Don't you think facebook is a bit pretentious, suggesting friends and all? No facebook, I would NOT like to be friends with a girl whose fiancee I have slept with.
I enjoy that i have a whole shelf of clothes that I've accumulated from random sex. You know the ones you get to make the morning after look less awkward like similar to an athletes trophy shelf
so, on facebook you can become a fan of butt sex, and also premarital sex, but not premarital butt sex, which is what I was aiming for.
You kept yelling that her vagina looked like a hatchet wound.
Um, so I couldn't say it in person, but if you find my underwear in your office. Sorry. I couldn't find them, so yea.
see these eyes, they just want to bone and go to sleep.
So you met him?
More like I walked in on him, drunk, naked, and doing "bathtub yoga". Please stop bringing your dates home.
He bought my favorite ceral.. I've guess I've earn the status as one of his regular fuck buddies. I feel honored and proud. His roommates girls don't get this treatment.
I just got my hands on some dry ice. How do you feel about coming home to a mystical wizard toilet?

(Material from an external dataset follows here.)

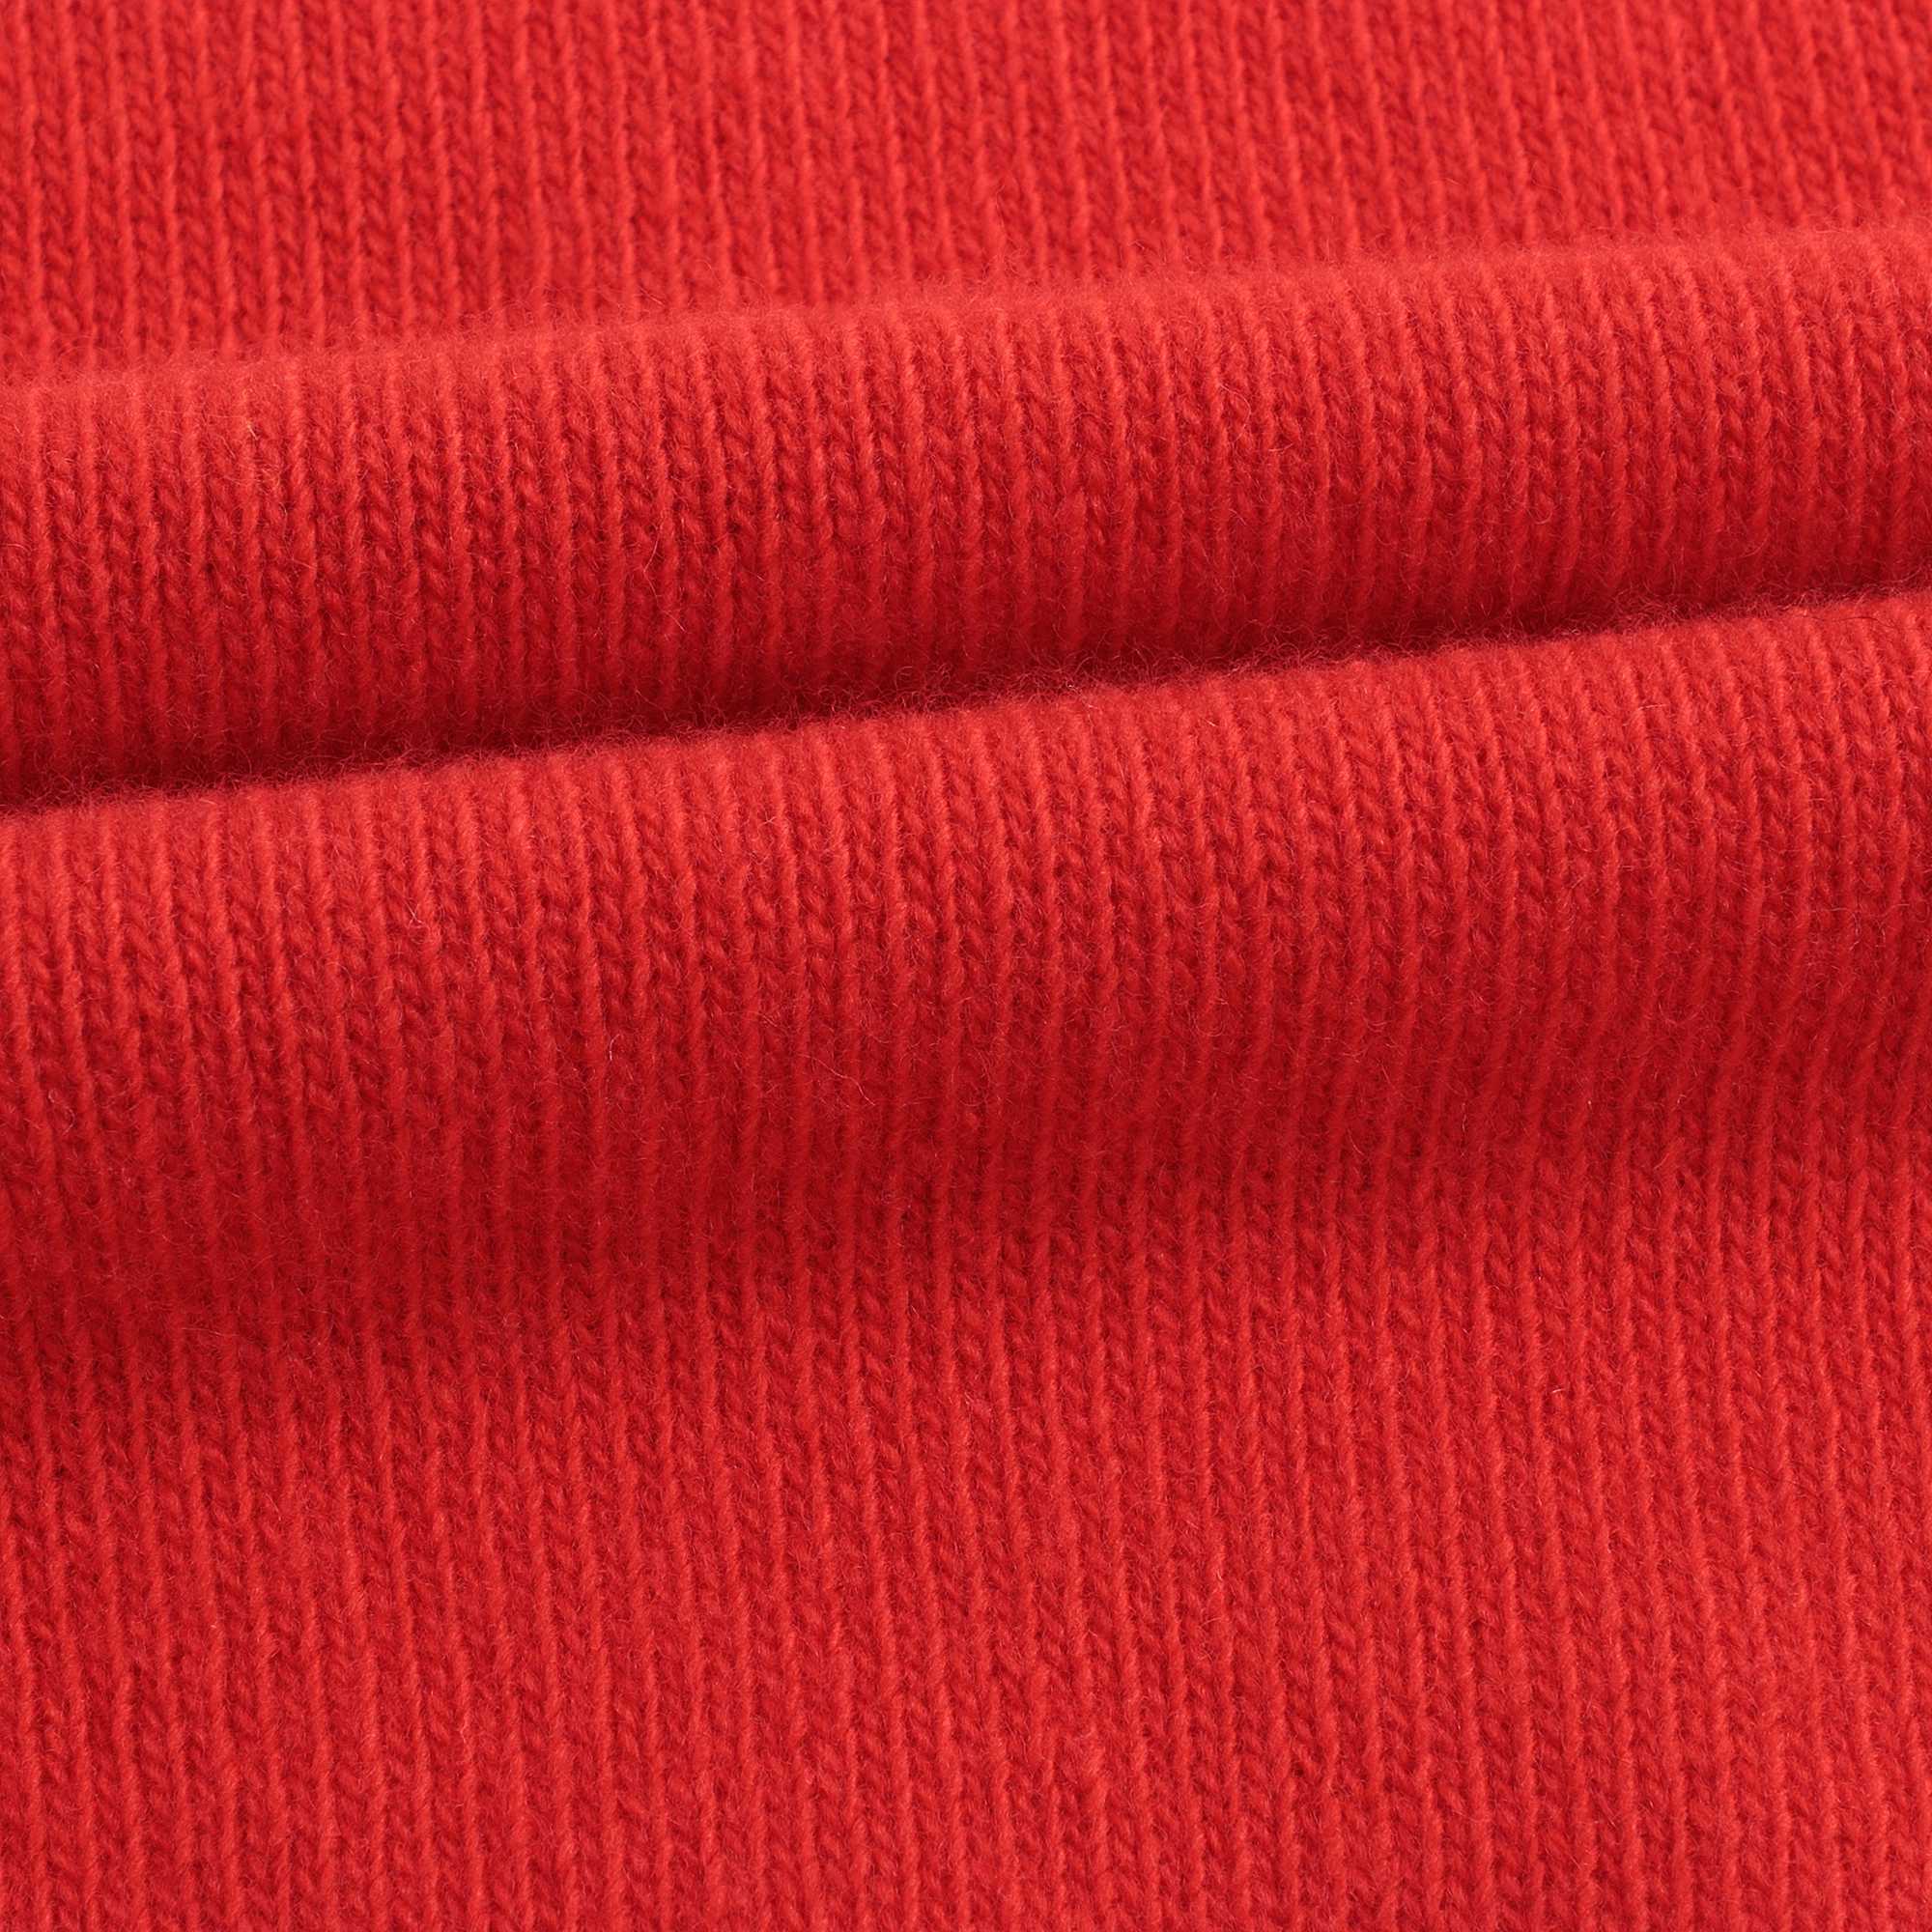 Boys Red Pattern Wool Sweater

Oh Brad. Your poor brain, always being ignored for your penis and crazy women.
I think I hit my head on every surface in that apartment last night
I am pretty sure we beat baby seals over the head in a past life. That is why we are being punished.
Open the door and I will lure them out to freedom with viagra and candy orange slices. You know they love that shit.
I walked into your room and you were wearing party beads, a foam finger, and reading the dictionary. Good night?
I would give away three of my own ribs to be able to eat myself out.